This theory makes it clear: The two imperialist superpowers, the Soviet Union and the United States, constitute the first world. They have become the biggest international exploiters, oppressors and aggressors and the common enemies of the people of the world, and the rivalry between them is bound to lead to a new world war. The contention for world supremacy between the two hegemonist powers, the menace they pose to the people of all lands and the latter’s resistance to them – this has become the central problem in present-day world politics. The socialist countries, the mainstay of the international proletariat, and the oppressed nations, who are the worst exploited and oppressed and who account for the great majority of the population of the world, together form the third world. They stand in the forefront of the struggle against the two hegemonists and are the main force in the world-wide struggle against imperialism and hegemonism. The developed countries in between the two worlds constitute the second world. They oppress and exploit the oppressed nations and are at the same time controlled and bullied by the superpowers. They have a dual character, and stand in contradiction with both the first and the third worlds. But they are still a force the third world can win over or unite with in the struggle against hegemonism. This theory summarizes the strategic situation concerning the most important class struggle in the contemporary world in which the people of the whole world are one party and the two hegemonist powers the other. The internal class struggles of various countries are actually inseparable from the global class struggle. Therefore, this theory of the differentiation of the three worlds is the most comprehensive summing-up of the various fundamental contradictions in the contemporary world. This scientific thesis of Chairman Mao’s has enriched the theories concerning the uneven development of imperialism and the contradictions between imperialist countries inevitably leading to war, concerning social-imperialism, concerning the struggle of the oppressed nations as forming an important component of the socialist revolution of the world proletariat, concerning the mutual support between the international proletariat, the socialist countries and the national liberation movements and concerning the strategy and tactics of the proletarian revolution – all of which are important contributions to Marxism-Leninism.
Small wonder the Soviet social-imperialists have viciously attacked this brilliant theory of Chairman Mao’s. They cannot be expected to admit that the Soviet Union under their rule has become an imperialist superpower and the most dangerous source of another world war, just as renegades and aggressors cannot be expected to admit what they are. They frantically malign the theory of the three worlds as renouncing class struggle and lumping socialist countries together with capitalist countries, and so on. Not only is their abuse directed against the great Marxist Chairman Mao and the great Communist Party of China, it is hurled at the great Marx, Engels, Lenin and Stalin as well. For, as we have seen, in principle Chairman Mao’s differentiation of the three worlds completely accords with the criterion set by Marx and Engels in the latter half of the 19th century for differentiating the political forces in Europe according to their attitude towards the Russian Tsarist empire. Similarly, it accords with Lenin’s classification of the world into three types of countries after World War I and Stalin’s division of the countries before World War II into aggressor and non-aggressor countries and into the fascist camp as distinct from the anti-fascist camp during the war. Moreover, it is a logical development from their theories on differentiating the world’s political forces.
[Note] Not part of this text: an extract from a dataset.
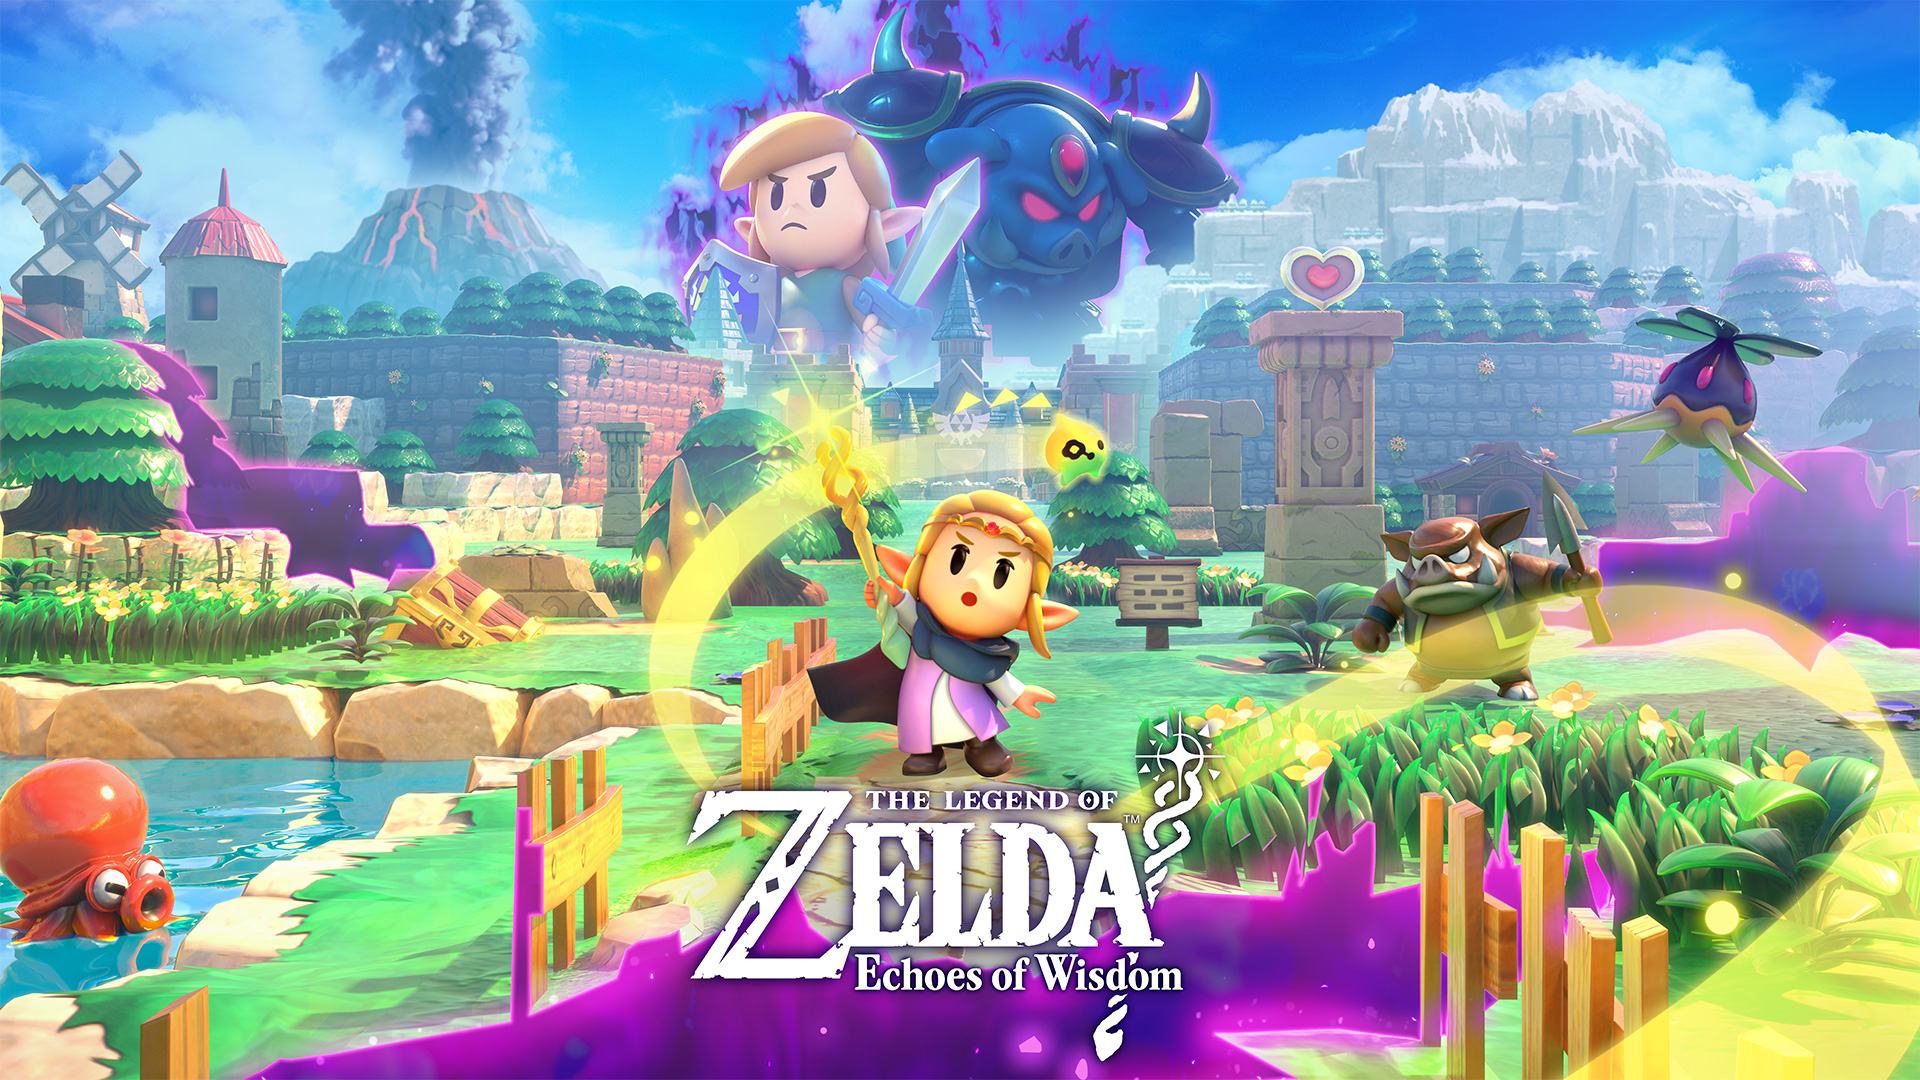 Legend of Zelda: Echoes of Wisdom stars Princess Zelda in a new adventure
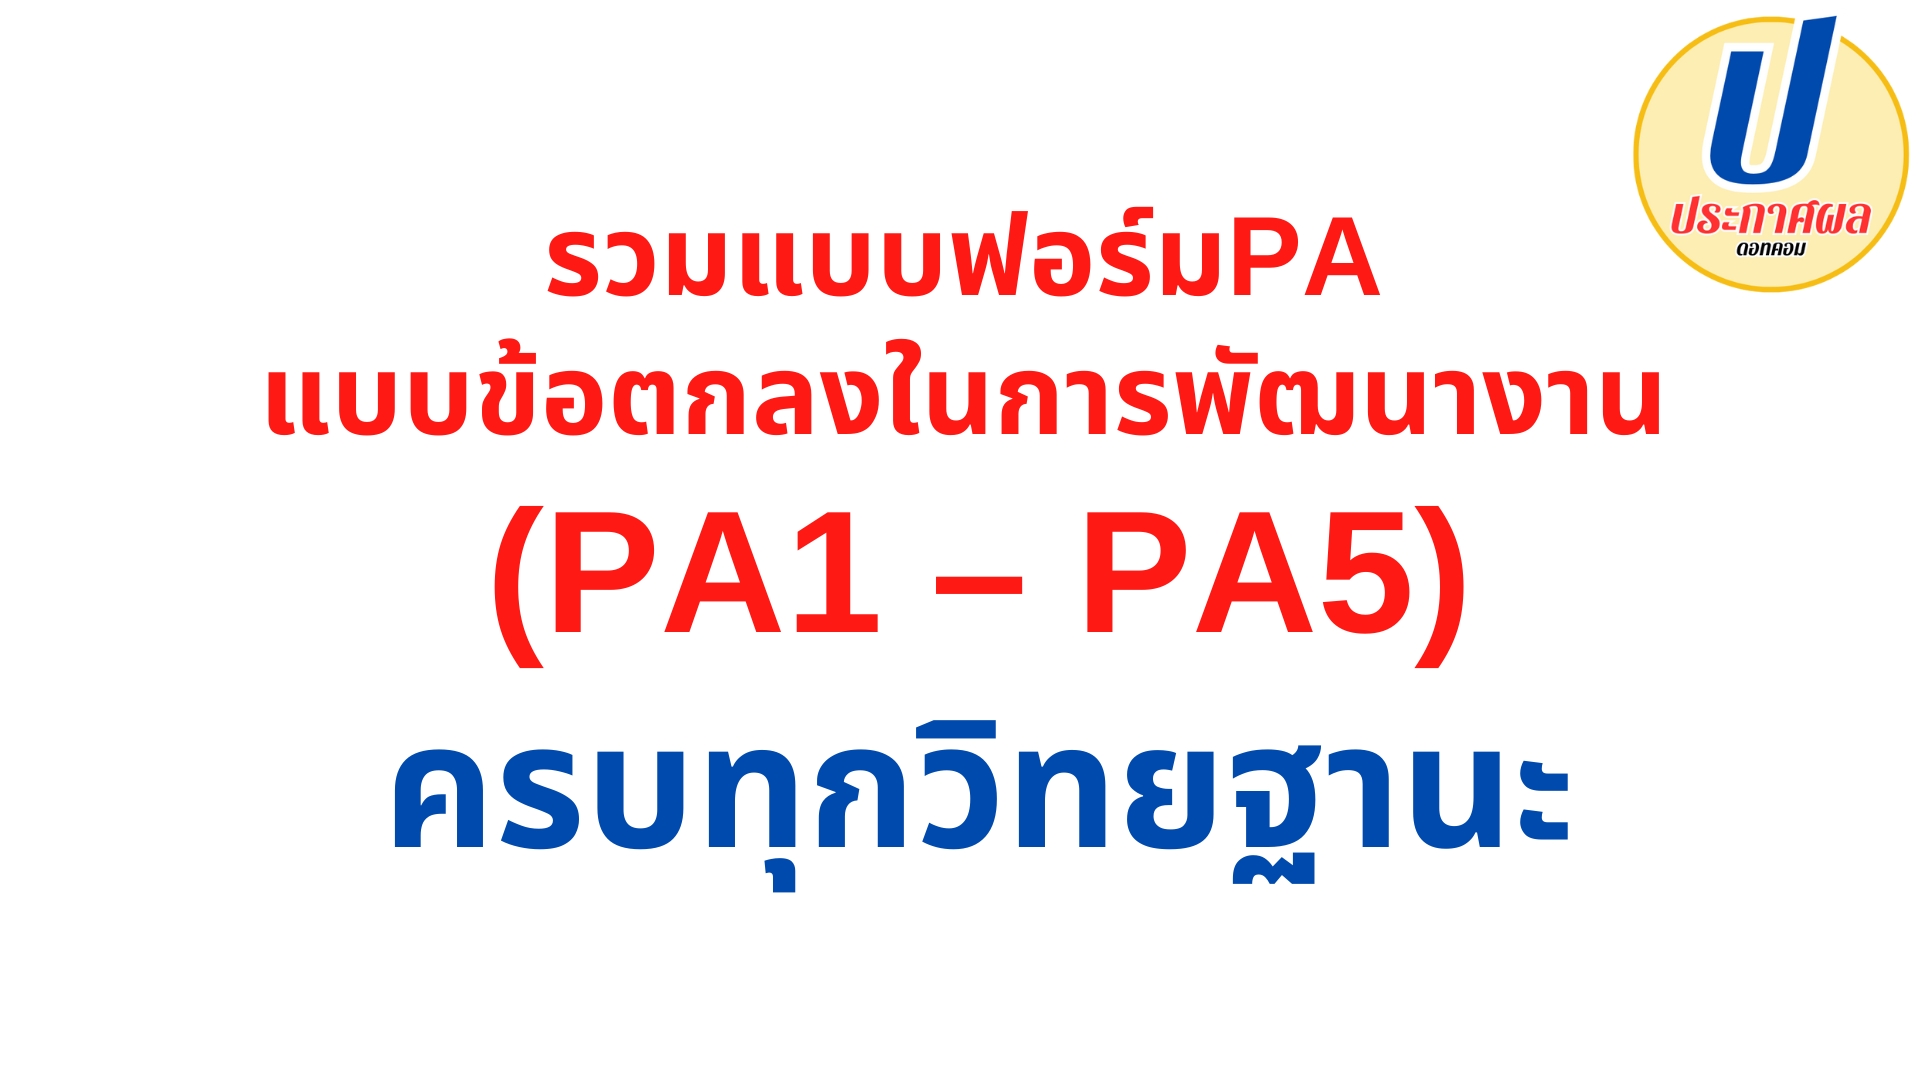 รวมแบบฟอร์มpa แบบข้อตกลงในการพัฒนางาน PA1 PA2 PA3 PA4 PA5 สำหรับข้าราชการครูและบุคลากรทางการศึกษา ทุกวิทยฐานะ ไฟล์ doc & word (วpa)

True, those who frenziedly calumniate the theory of the three worlds still style themselves ”loyal successors” to Lenin’s cause, but when we judge a person, can we go by his mere words and not by his deeds? If we judge them by their deeds, doesn’t it become clear that it is they who have betrayed the proletariat in the class struggle and made a socialist country degenerate and become a capitalist one?
In our own country, there are persons who frantically oppose Chairman Mao’s theory of the three worlds. They are none other than Wang Hung-wen, Chang Chun-chiao, Chiang Ching and Yao Wen-yuan, or the ”gang of four.” Hoisting a most ”revolutionary” banner, they opposed China’s support to the third world, opposed China’s effort to unite with all forces that can be united, and opposed our dealing blows at the most dangerous enemy. They vainly tried to sabotage the building of an international united front against hegemonism and disrupt China’s anti-hegemonist struggle, doing Soviet social-imperialism a good turn. To a certain extent, their disruptive activities had a deleterious effect, but our Party and government have unswervingly adhered to the revolutionary line in foreign affairs formulated by Chairman Mao. The “gang of four” in no way represent the Chinese people. They are traitors disowned by the Chinese people.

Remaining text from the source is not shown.